Darnell Sweeney, 2B/OF, PHI
As a Dodgers fan, I’ve followed Sweeney’s career pretty closely and will continue to do so post-trade. With the Dodgers having a full infield and Jose Peraza close to a regular starting gig, Sweeney was expendable and it’s good to see him land in a place where he should have a far clearer path to playing time. He actually took a step back this year:
2014 (Double-A): .288/.387/.463, 14 HR, 15 SB
2015 (Triple-A): .271/.332/.409, 9 HR, 32 SB
Sweeney swiped 48 bases in 2013, so the improvement in that category over 2014 was encouraging, but discouragingly his BB-rate dropped from 13.1 percent to 8.0 percent. He absolutely needs to get that number over 10 percent to stick as a regular player as his power is projected to be below average, particularly if he winds up in the outfield. He’s off to a nice start with the Phillies (5-for-19, 2 HR) and he’s reportedly in line for increased playing time going forward. I think he’ll wind up as a regular somewhere for the Phillies next year.

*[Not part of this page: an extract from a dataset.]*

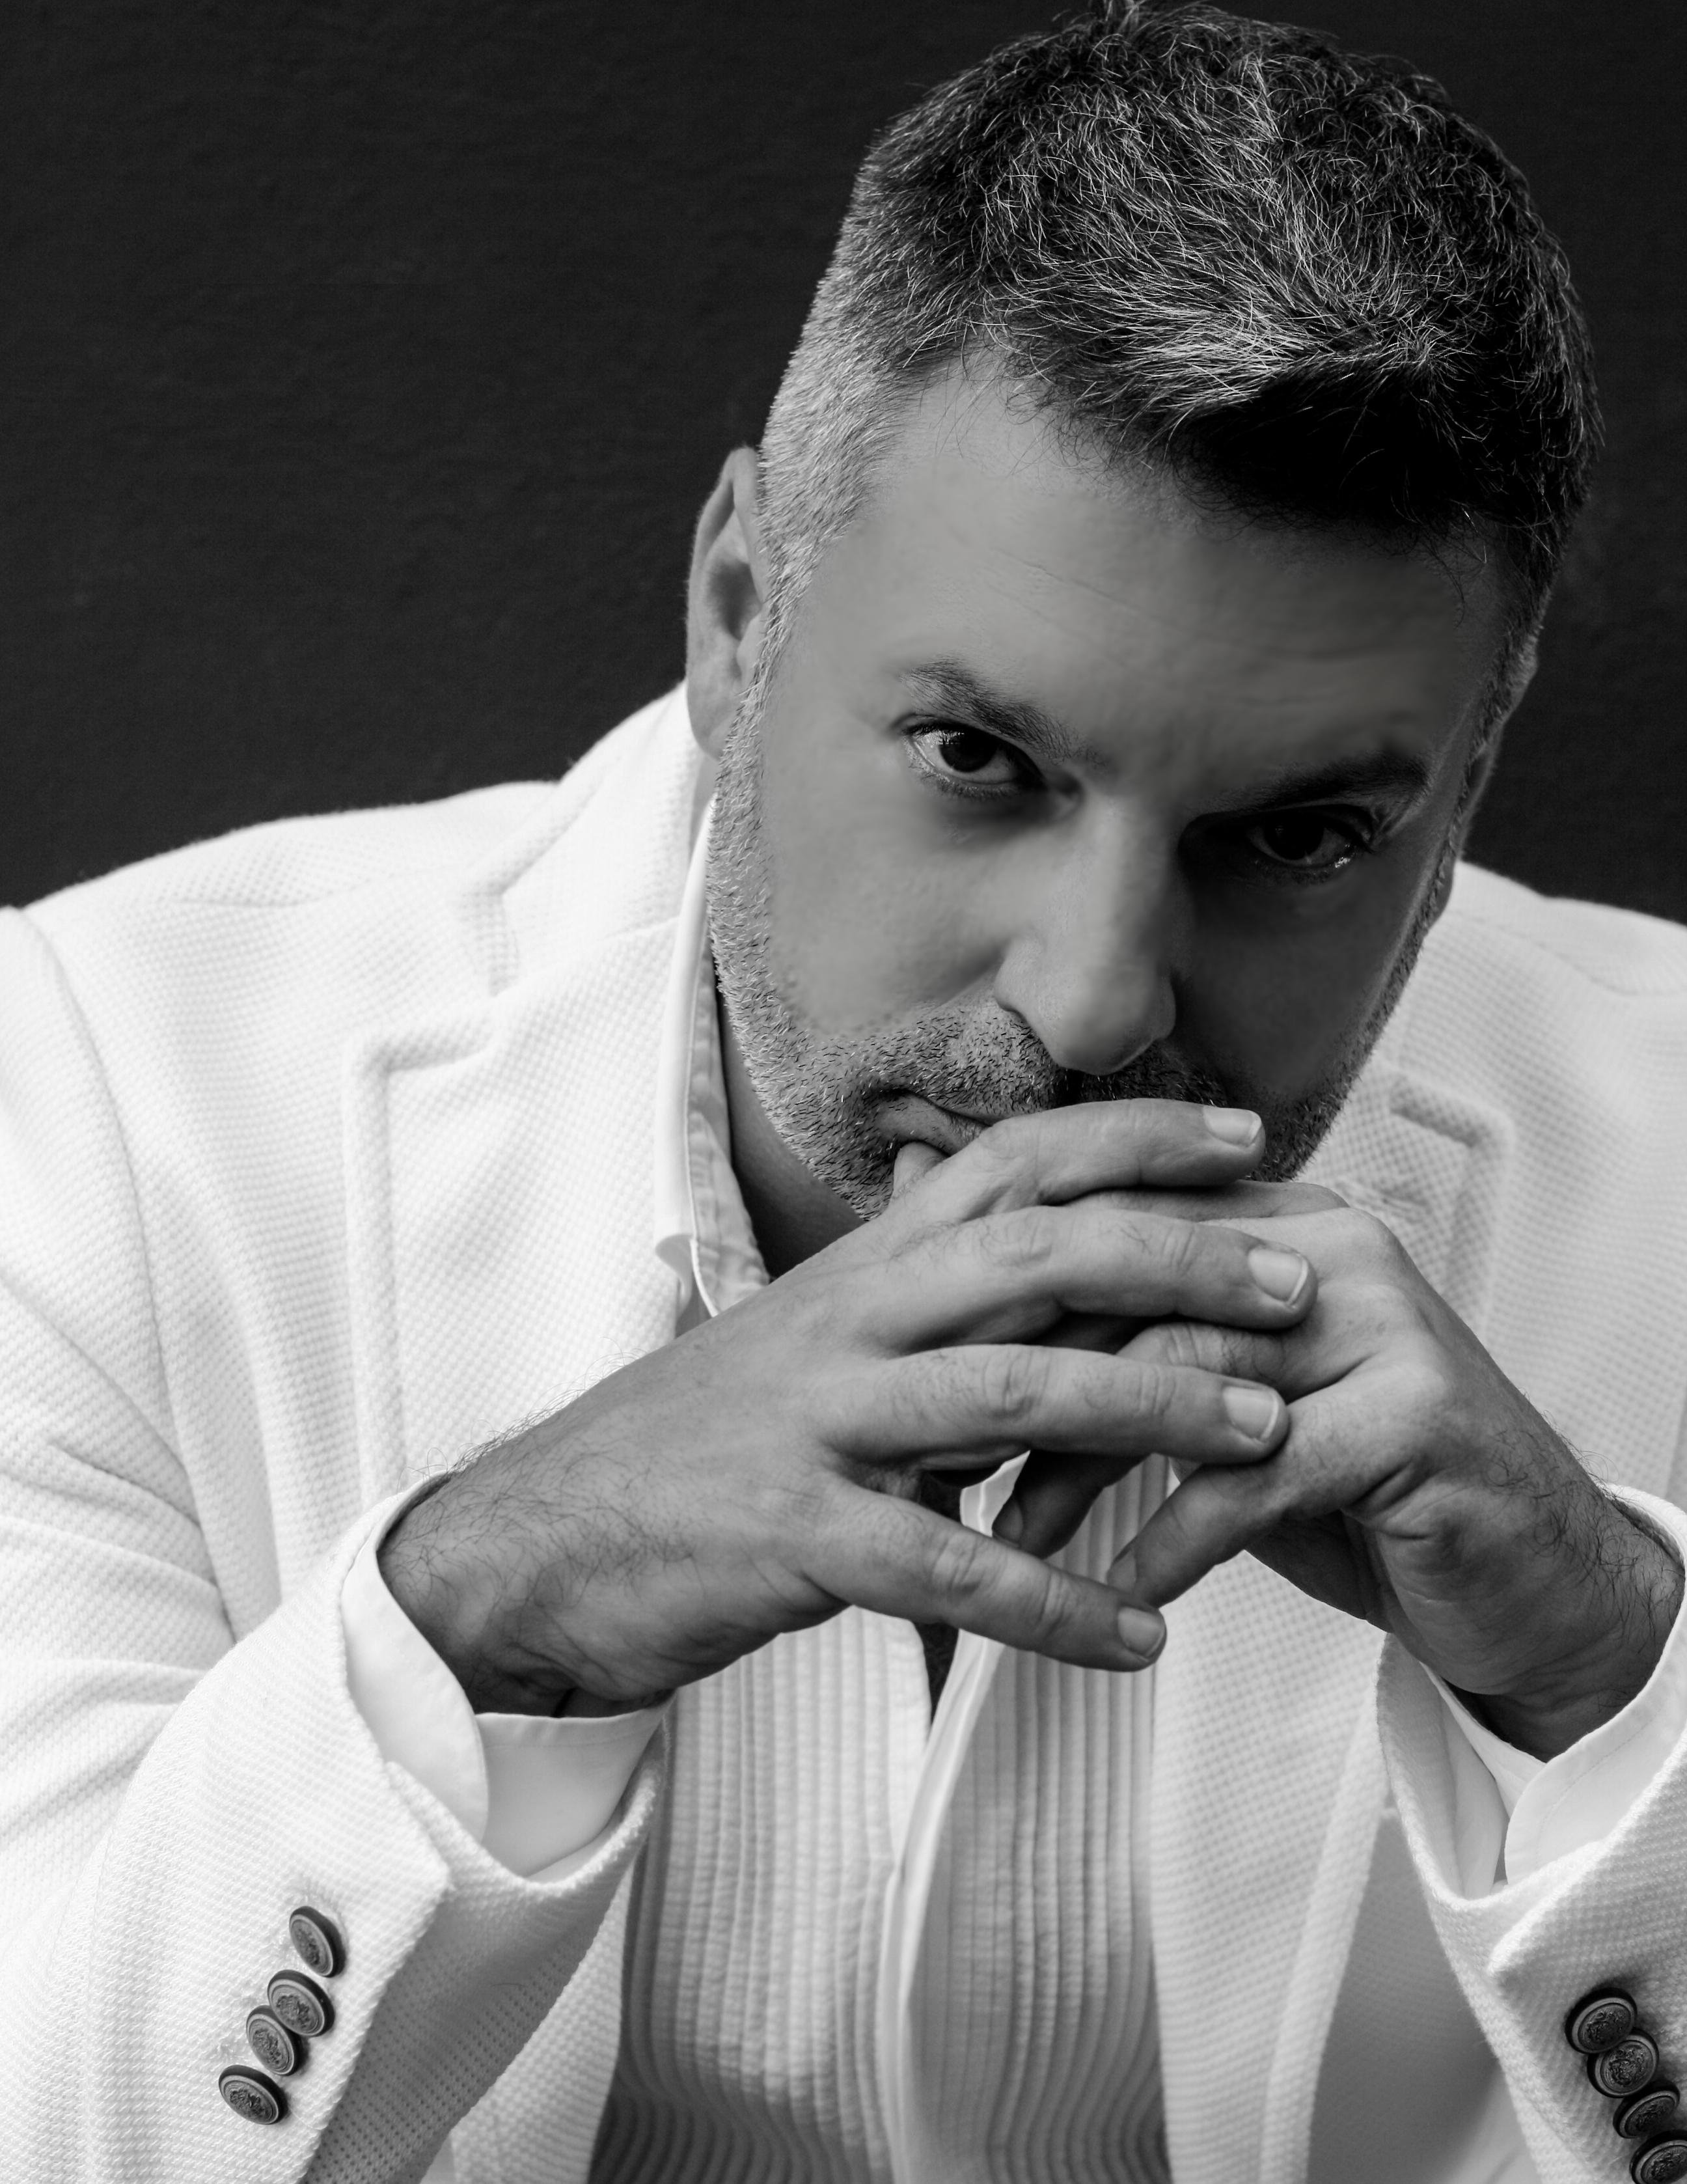 David Menéndez

2016 projection: 135 games, 530 at-bats, .270/.335/.400, 7 HR, 25 SB
Domingo Santana, OF, MIL
Santana’s most recent MLB stint is sure going better than his first one last year (0-for-17, 14 K’s), as he is batting .217/.299/.478 this time around, including five home runs in 69 at-bats. That said, his 28:4 K:BB equates to a 5.2 percent BB-rate and a 36.4 percent K-rate, the latter of which in particular is not encouraging. Santana has homered once per 23.7 minor league at-bats, so the power is real and could continue to grow considering he’s six-foot-five and still just 22 years of age. Since 2012, his strikeout rate has hovered in the 28-29 percent range each year in the minors, so he’s probably not ready. Santana has talent and tools, but he likely needs additional seasoning. If you need home runs in deeper formats this month, he could be your guy, but you’ll take a BA hit.
2016 projection: 40 games, 170 at-bats, .230/.300/.440, 7 HR, 4 SB
Jackie Bradley Jr., OF, BOS
It was his Gold Glove-caliber defense that allowed Bradley to net 423 PA for the Red Sox last year while batting a paltry .198/.265/.266. He posted a BB-rate of 7.3 percent while striking out in 28.5 percent of his PA, numbers that have improved to 10.7 percent and 27.1 percent respectively this year in 140 major league PA. The strikeout rate is of course far from ideal, but considering he posted a 13.8 percent mark in Triple-A this year, he could just need a little more adjustment time before he starts making better contact and improving his OBP. The results in August were certainly improved, as Bradley batted .354/.429/.734 with five home runs, a 12.1 percent BB-rate and a 26.4 percent K-rate. Still too many strikeouts, but certainly an improvement. He also boasts some interesting reverse platoon splits (he hits left-handed):
vs. LHP: 38 at-bats, .421/.500/.737
vs. RHP: 78 at-bats, .179/.267/.436
Much of that is likely sample-size driven, but it’s encouraging to see that he’s proven so far to be more than competent against southpaws, lessening the need for any sort of platoon. He’s going to continue to be part of a dynamic young outfield with Mookie Betts and Rusney Castillo, but I’d like to see the strikeouts continue to come down and of course his .378 BABIP won’t be sustainable. I see him as a solid, perhaps slightly below-average offensive player in his prime, but with a great glove.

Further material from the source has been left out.